CO2-Selective Membrane for Enhancing H2 Utilization in Solid Oxide Fuel Cells

In order to utilize the H₂ remaining in the anode exhaust of a solid oxide fuel cell (SOFC), a CO₂-selective membrane was developed to remove CO₂ from the anode exhaust and recycle the concentrated H₂ back to the SOFC. As the cooled exhaust still has an average temperature of 120ºC, it is challenging for polymeric membranes to maintain both high CO₂/H₂ selectivity and CO₂ permeance. Previously, facilitated transport membranes were developed using tetramethylammonium hydroxide (TMAOH) as the mobile carrier to selectively remove CO₂. However, TMAOH has been reported to degrade via a nucleophilic substitution mechanism, and a possible higher temperature of the anode exhaust in practice may exacerbate the degradation.

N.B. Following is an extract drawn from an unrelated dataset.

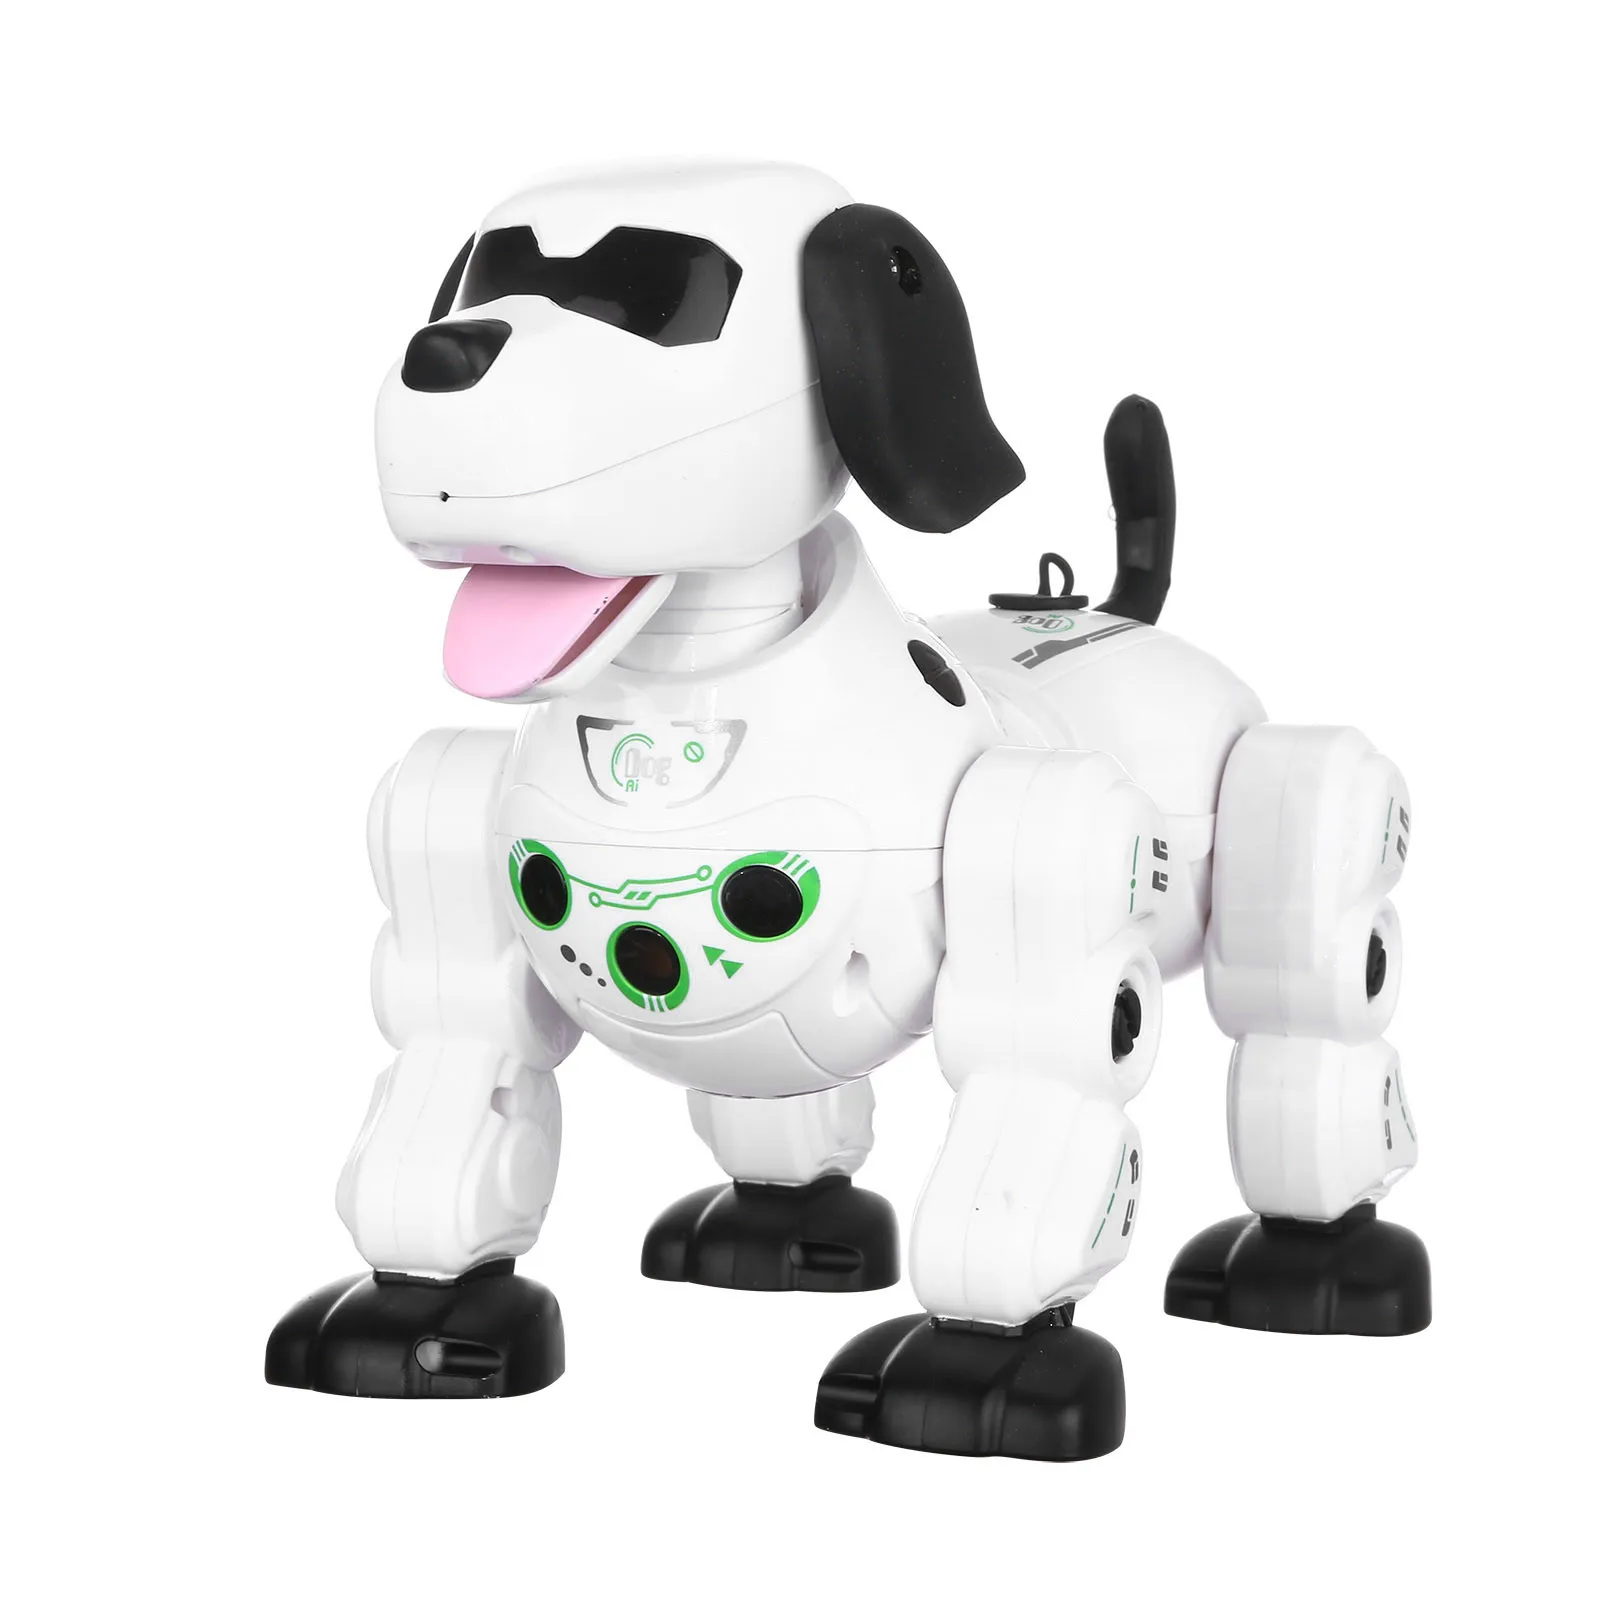 Sensore tattile di alta qualità Puppy 2.4G Robot Telecomando Giocattolo di intrattenimento robot intelligente bambini Accompagna i regali dei tuoi bambini

Herein, more stable fluoride- and hydroxide-containing species were investigated for their potentials of replacing TMAOH. The thermal stabilities of the quaternaryammonium-containing compounds were characterized by TGA. Moreover, quantitative results from NMR showed that tetramethylammonium fluoride (TMAF) was 14 times more stable than TMAOH at 130ºC. Next, membranes with the optimal composition containing TMAF were synthesized, and their transport performances at different temperatures and feed CO₂ partial pressures were measured, respectively. The membrane showed a CO₂ permeance of 108 GPU and a CO₂/H₂ selectivity of 106 at 120ºC, and it was stable for 120 h. The TMAF-containing membrane also displayed an improved stability of about 4 times better than the TMAOH-containing membrane at 130ºC. To date, scale-up of 21ʺ-wide membranes with a total length of 720 ft has been demonstrated, and the membranes exhibited consistent transport results as the lab-scale samples. Additionally, a techno-economic analysis showed that, when the H₂ recovery of the membrane process was set at 99%, the CO₂ removal cost was calculated to be $62.9/tonne. Lastly, a CO₂ removal of 76.9% could be obtained when the air sweep was replaced by vacuum on the permeate side.